Fetal RHD genotype determination is useful in the management of sensitized RhD-negative pregnant women. It can be ascertained early during pregnancy by chorionic villus sampling (CVS) or amniocentesis. However, these procedures are invasive, resulting both in an increased risk of fetal loss and in an increased severity of immunization due to fetomaternal haemorrhage. A reliable determination of RHD genotype by fetal DNA analysis in maternal serum during the first trimester of pregnancy is reported in this study. One hundred and six sera from RhD-negative pregnant women were obtained during the first trimester of pregnancy. These sera were tested for the presence of RHD gene using a new real-time polymerase chain reaction assay and the results compared with those obtained later in pregnancy on amniotic fluid cells and by RHD serology of the new-born. All sera from women carrying a RhD-positive fetus (n = 62) gave positive results for RHD gene detection and sera from women carrying a RhD-negative fetus (n = 40) were negative. The high level of accuracy of fetal RHD genotyping obtained in this study could enable this technique to be offered on a routine basis for the management of RhD-negative patients during the first trimester of pregnancy.

Clinical applications of fetal sex determination in maternal blood in a preimplantation genetic diagnosis centre.

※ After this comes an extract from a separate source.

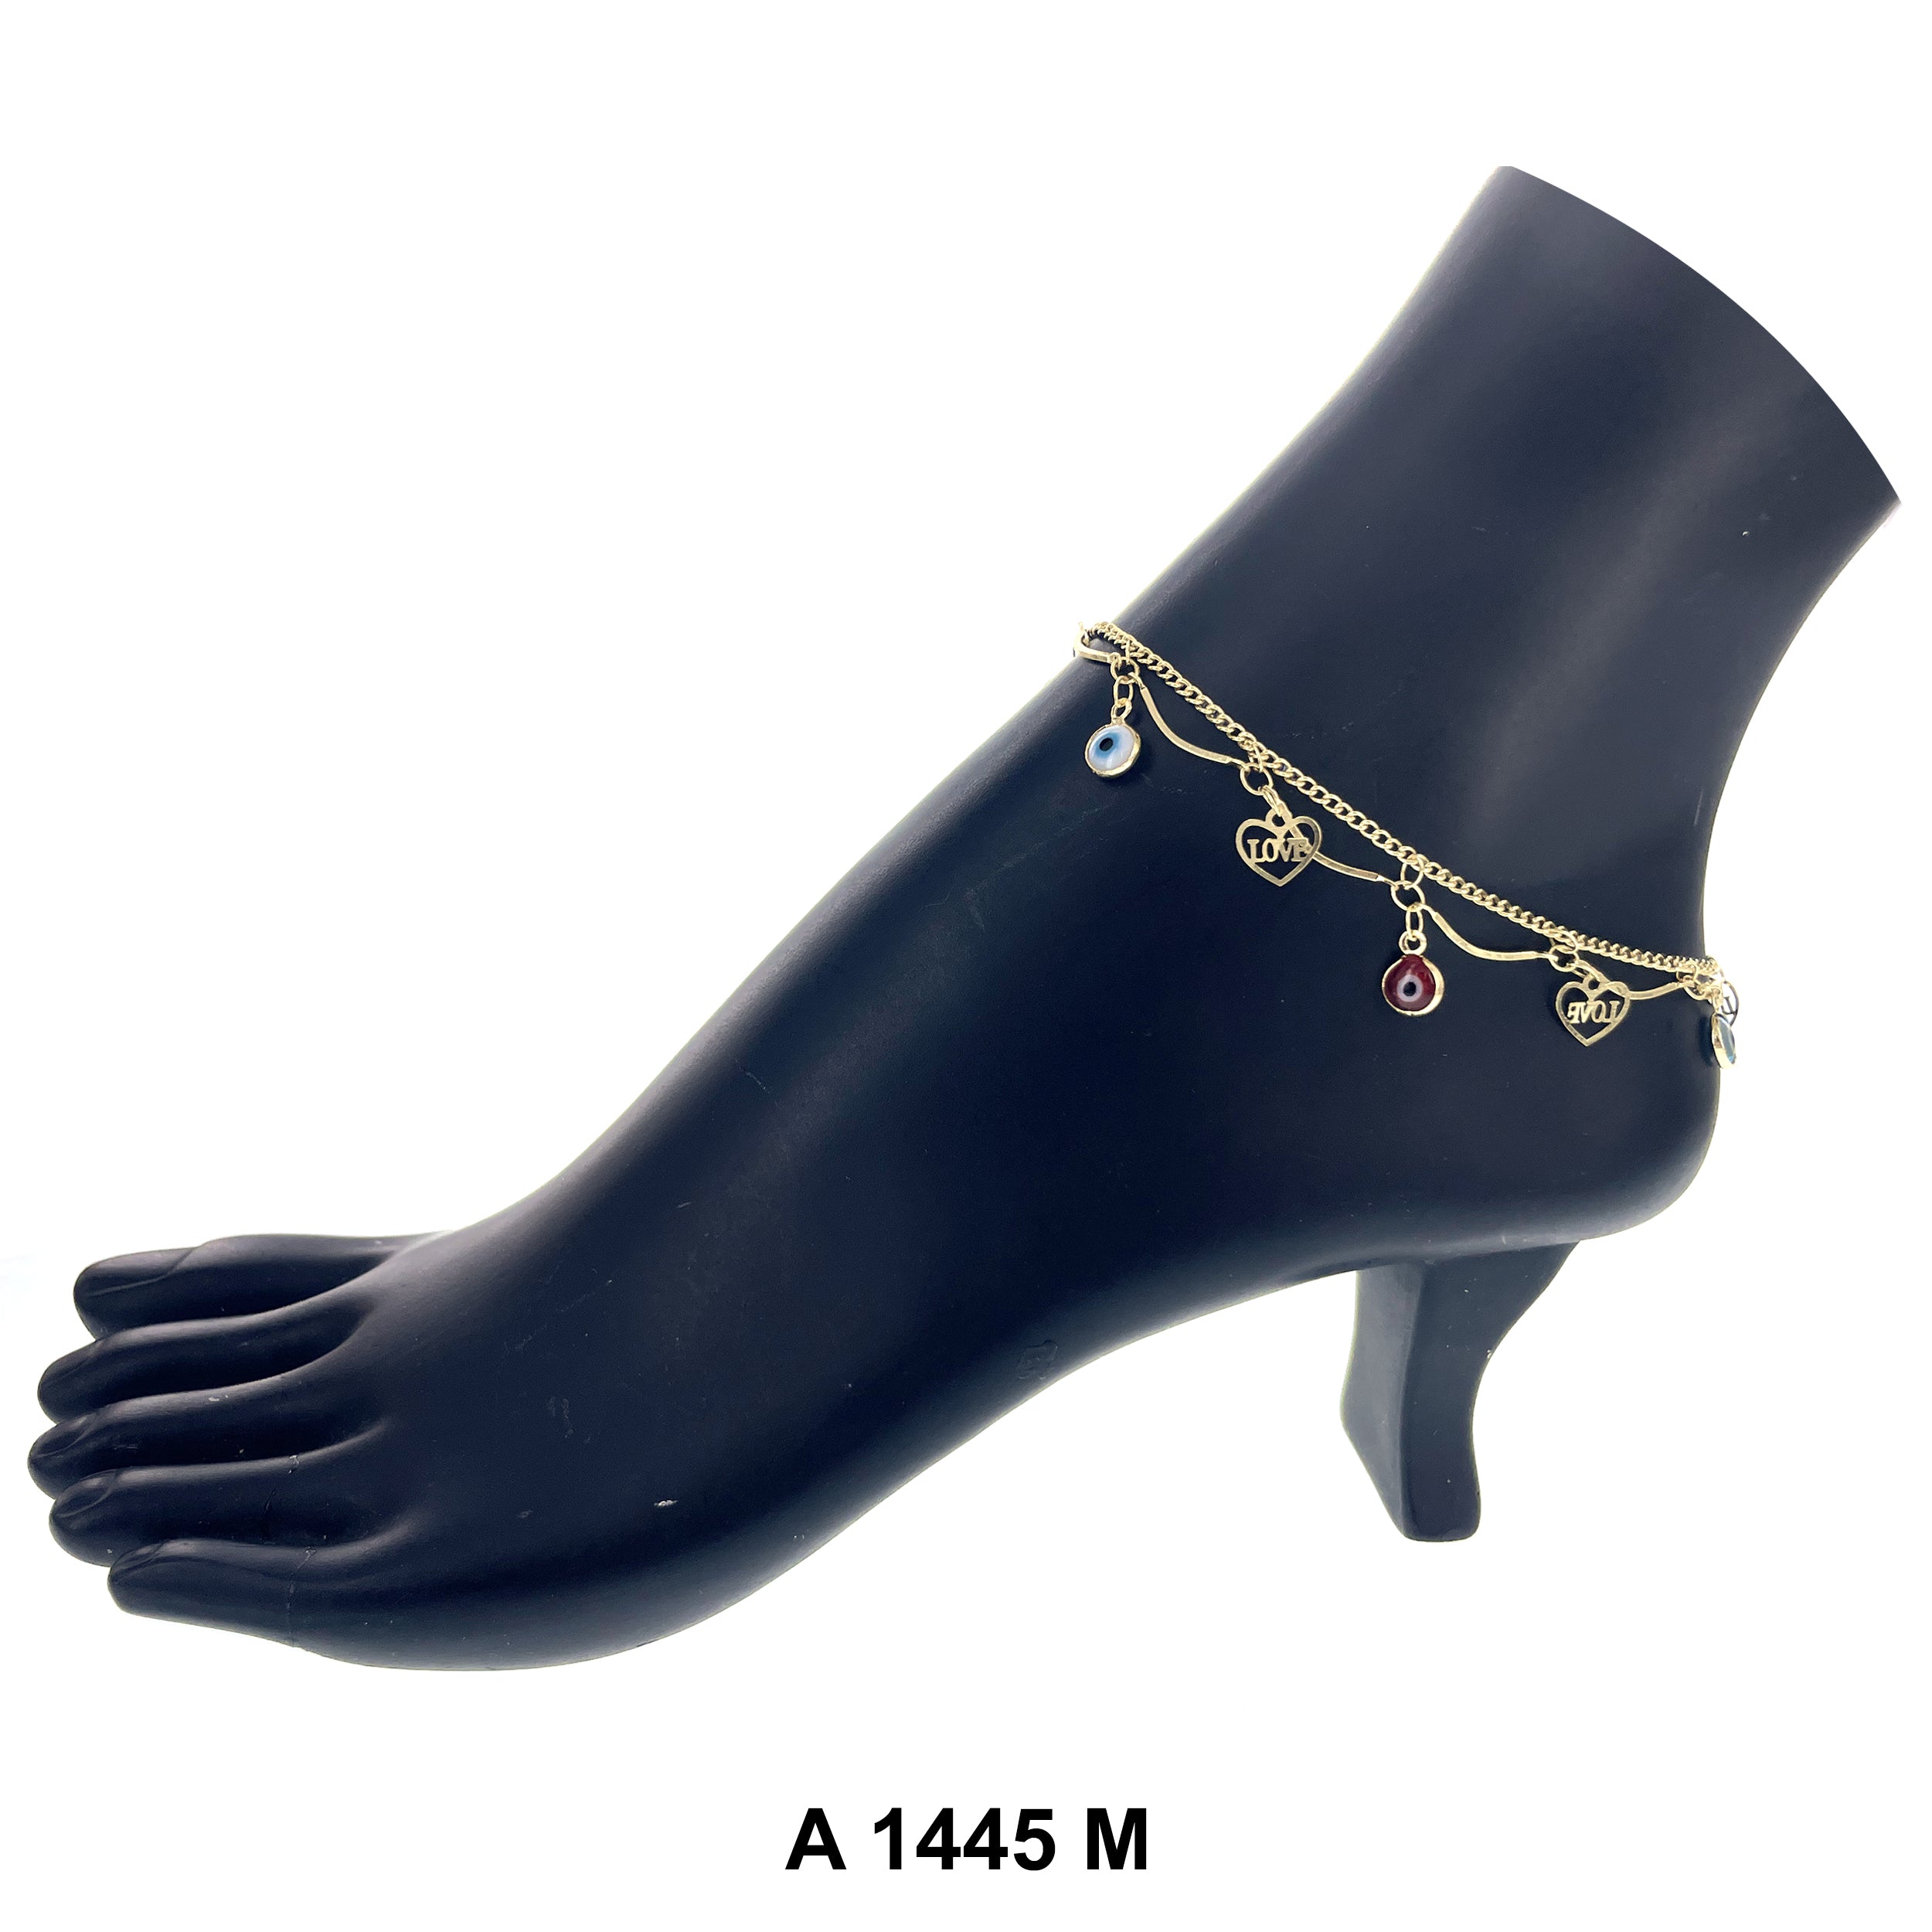 Fashion Anklets A 1445 M
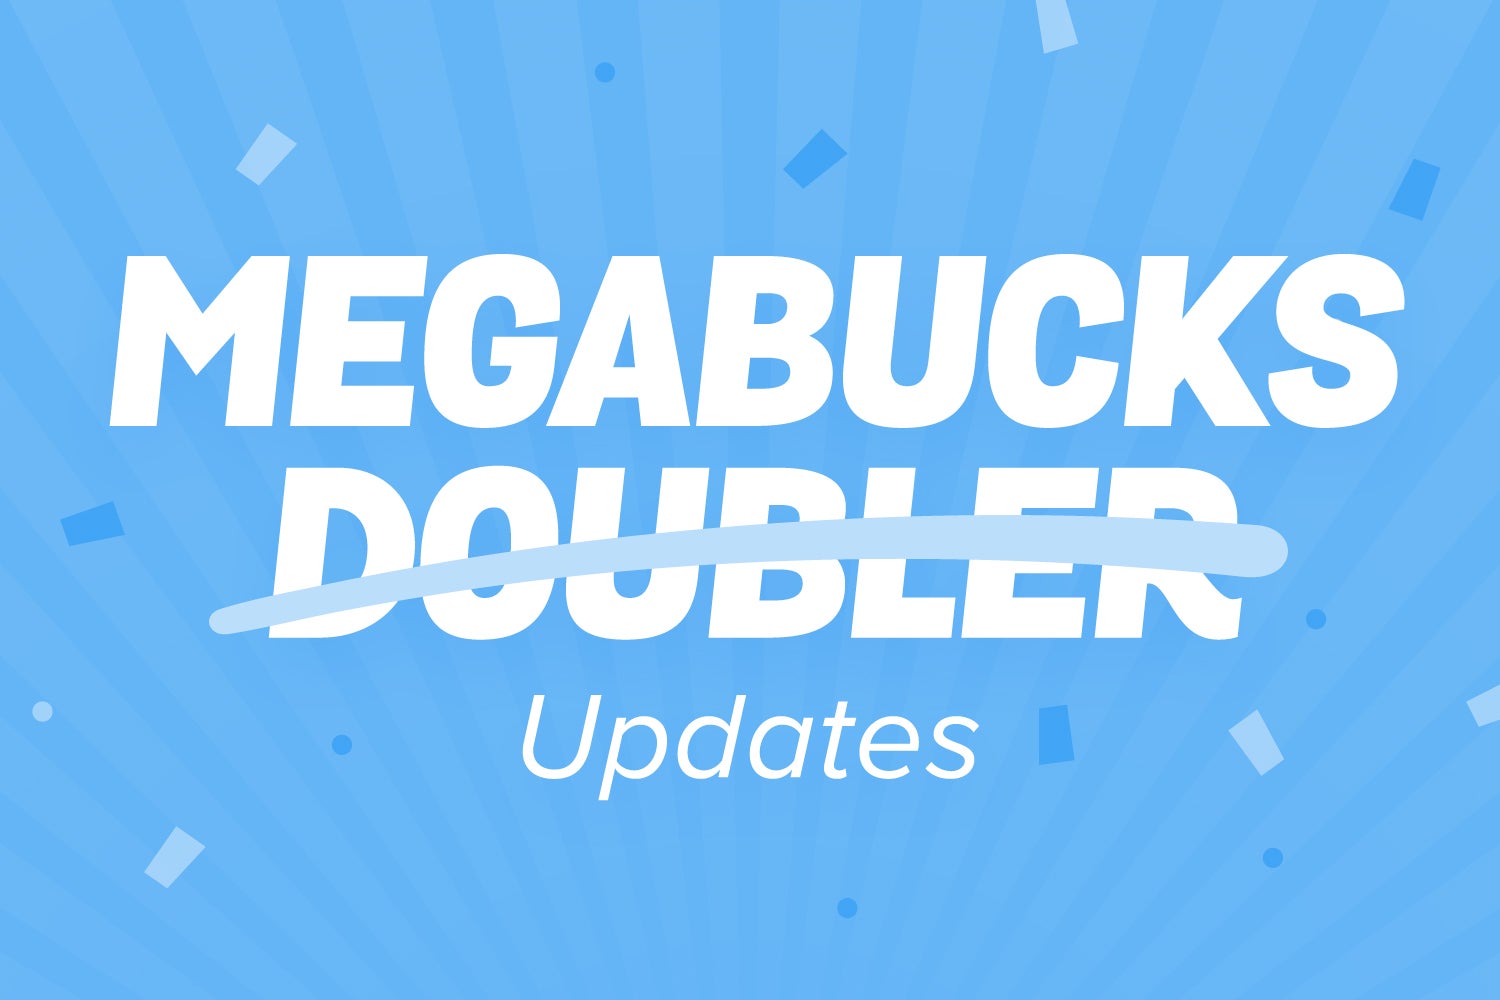 MA Megabucks game updates

BACKGROUND: Couples with a risk of transmitting X-linked diseases who are included in a preimplantation genetic diagnosis (PGD) programme need early and rapid fetal sex determination in two situations. The first situation is for the control of embryo sexing after PGD and the second situation is for those couples having a spontaneous pregnancy before the start of their PGD cycle. Among invasive techniques, chorionic villus sampling is the earliest procedure for fetal sex determination and molecular analysis of X-linked genetic disorders during the first trimester but it is associated with a risk of fetal loss. Non-invasive procedures such as ultrasound examination allow reliable fetal sex determination only during the second trimester. Reliable fetal sex determination can now be realised by using SRY gene amplification in maternal blood. METHODS AND RESULTS: We report the use of fetal sex determination from maternal serum as a diagnostic tool for the control of embryo sexing (two cases) and to manage spontaneous pregnancies in couples included in a PGD programme for X-linked diseases (five cases). Fetal sex determination using SRY gene amplification in maternal serum were in complete concordance with fetal sex observed by cytogenetic analysis or ultrasound examination and at birth. This novel strategy allowed the PGD results to be controlled precociously and avoided the performance of invasive procedures in four cases of female fetus. CONCLUSIONS: This rapid fetal sex determination during the first trimester provides advantages to both clinicians and patients in a PGD centre.